Looking at myself in the mirror, I realise what a mess I was. Dressed in my black pencil skirt, with my white shirt tucket neatly into it, I looked reasonable. However my eyes were dull, my hair was scraggy, and my skin was pale.
Shaking my head, I slip on my shoes and leave the house, making my way to the car. The sun was shining, as usual, and te sound of the sea was comforting, but not enough to ease my troubles. Sighing, I find myself leaning my head on the steering wheel, and regretting any decisions I ever made.
In my time of desperate hope, I call Dan, for the 8th time this week.
"Hello?" His voice was just as low, and un motivated as mine.
"Dan" I sniffle, wiping my nose with the underside of my hand.
"Erin? Whats wrong?" He asked in a panic.
"I-I don't know what I'm even doing anymore, I'm twenty fucking three and I'm out working in a massive business... I don't even know" I groan, rubbing my tired eyes.
"You my love are having what I describe as an existencial crisis" He chuckles.
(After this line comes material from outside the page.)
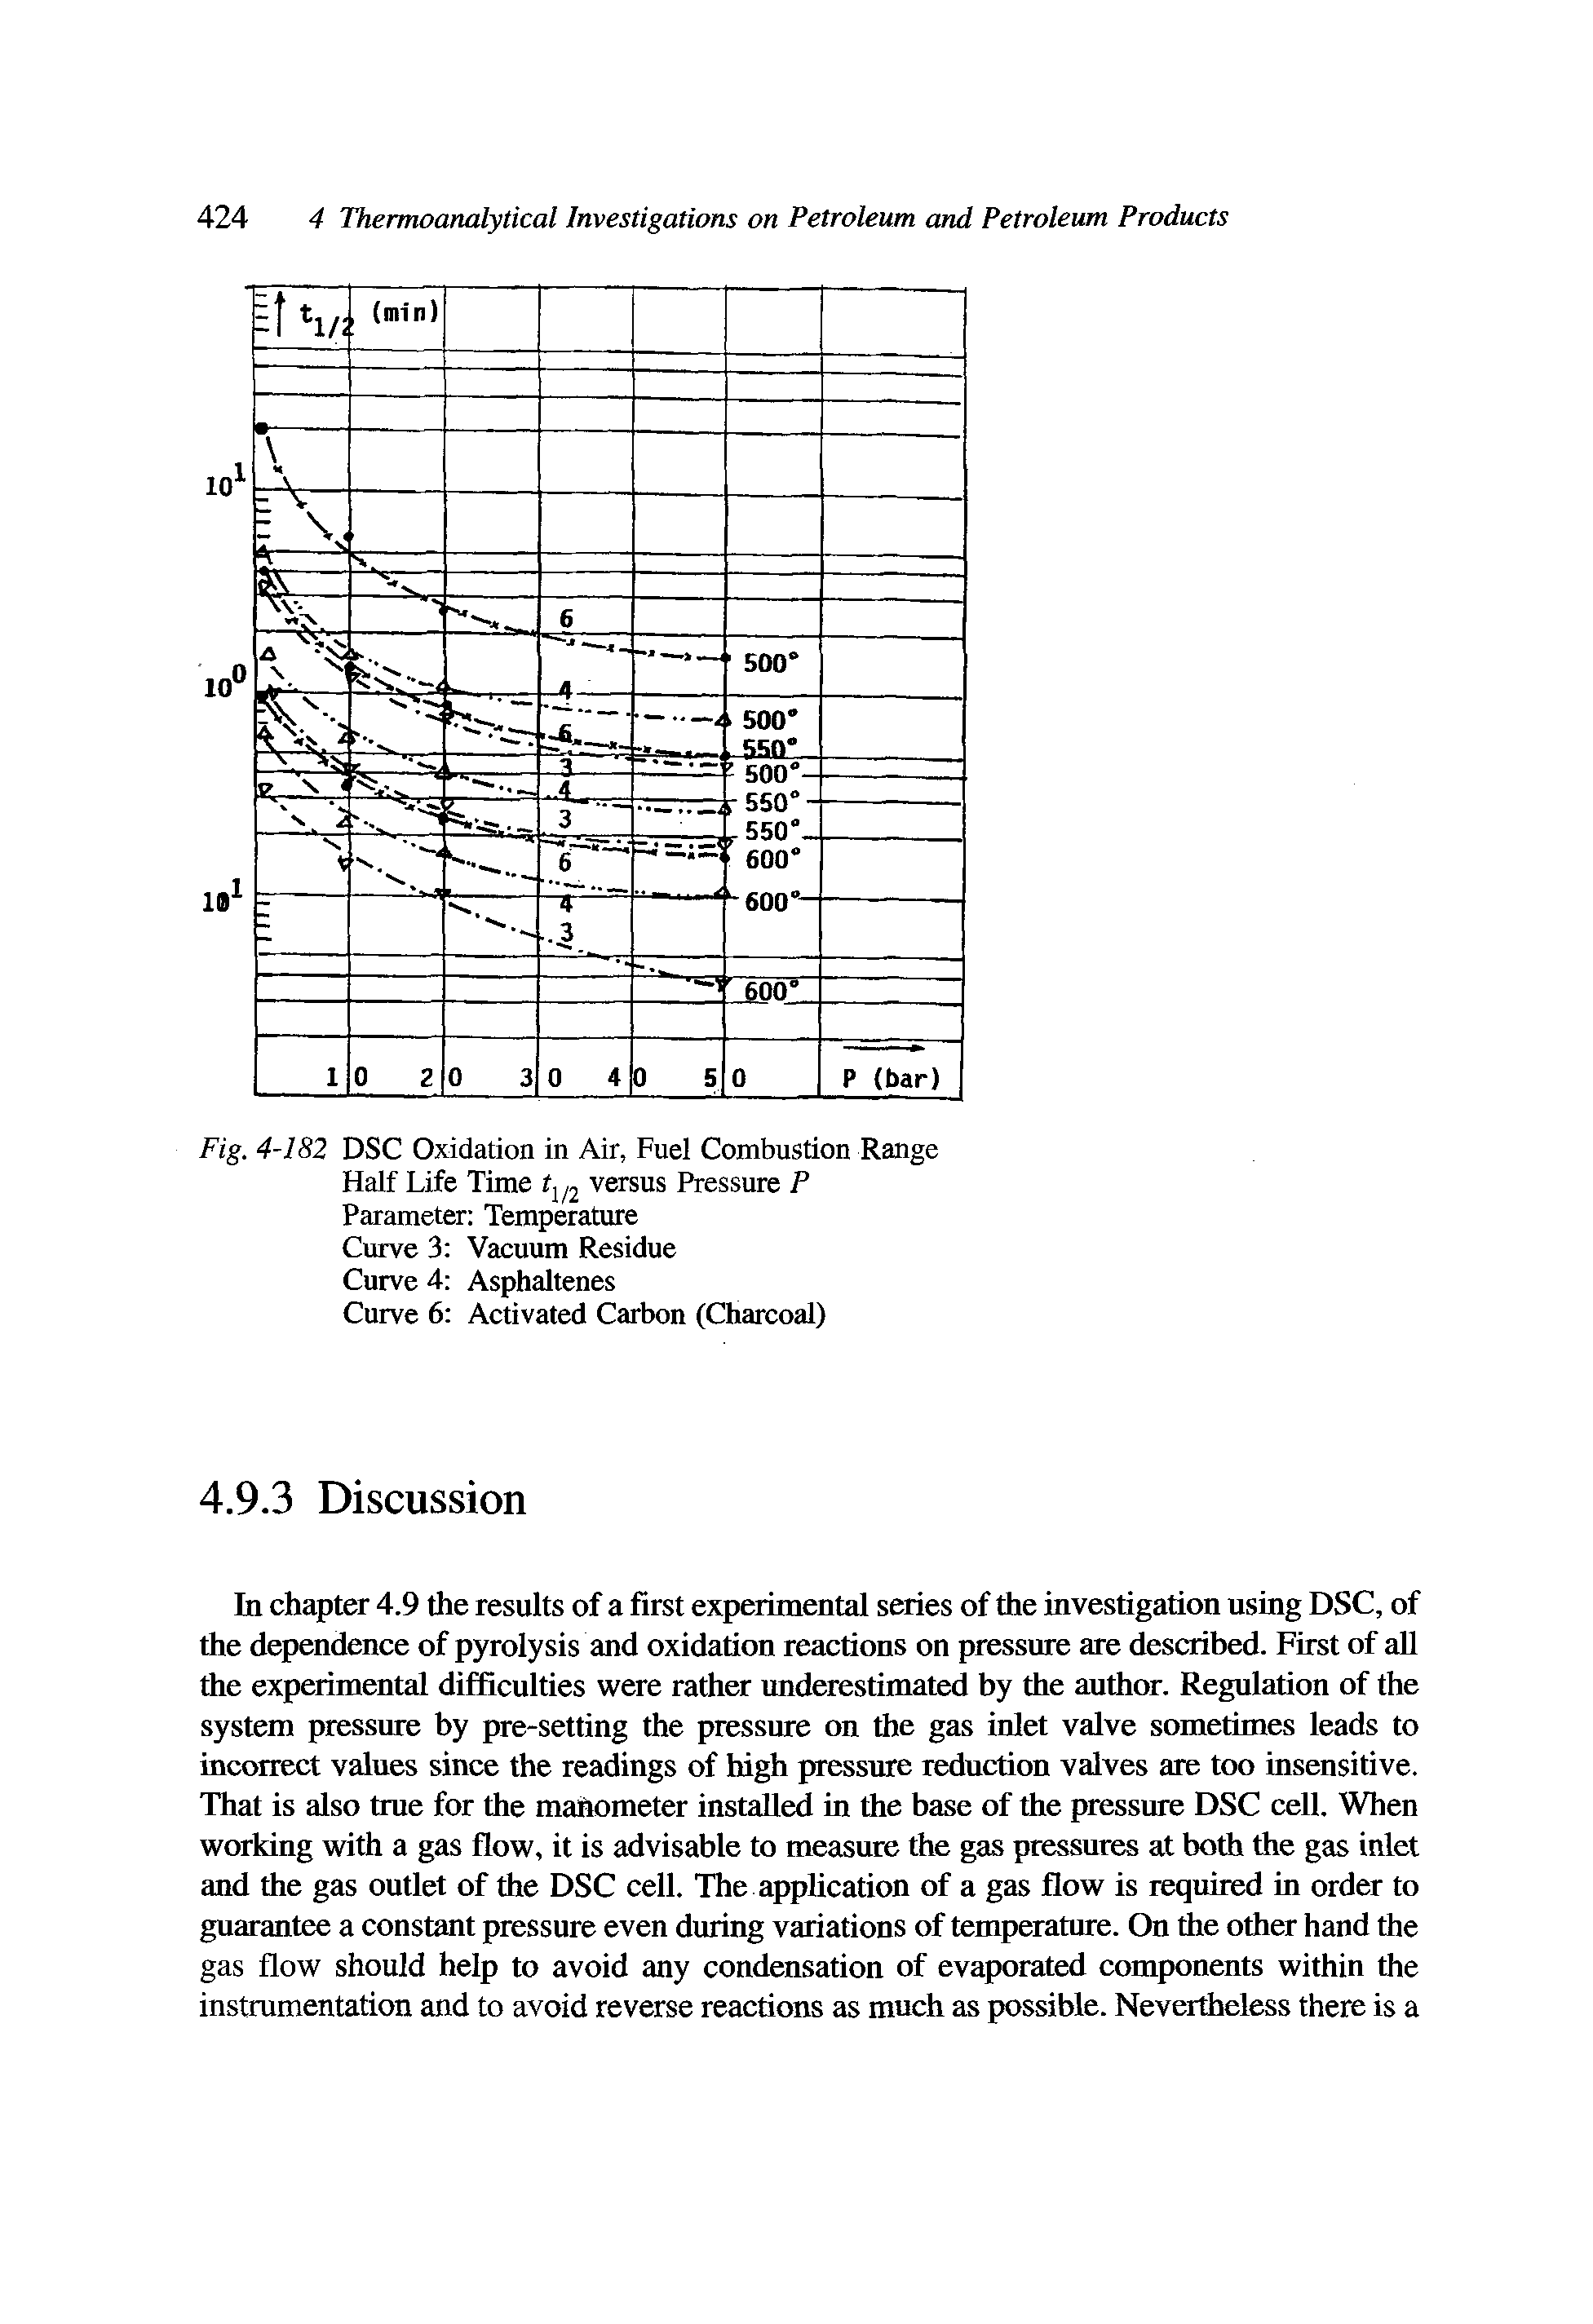 Fig. 4-182 DSC Oxidation in Air, Fuel Combustion Range Half Life Time fj 2 versus Pressure P Parameter Temperature Curve 3 Vacuum Residue Curve 4 Asphaltenes Curve 6 Activated Carbon (Charcoal)...

"Your not helping" I sigh, even though just his voice made me just a little bit happier.
"Babe..." He whispers, probably just feeling sad for the shit hole I seem to be in "Do what makes you happy, whatever your heart is telling you, follow it, it's saying that for a reason" He justifies. Never did I think Dan could say something so wise.
"Thanks Danny" I smile into the phone "I love you" I say.
"I love you too baby" He whispers. Hanging up, I drive straight to work, knowing what I needed to do.
~~
"Hey Erin! I had plans to go shopping later! Come with?" Stacey chirps, following after me.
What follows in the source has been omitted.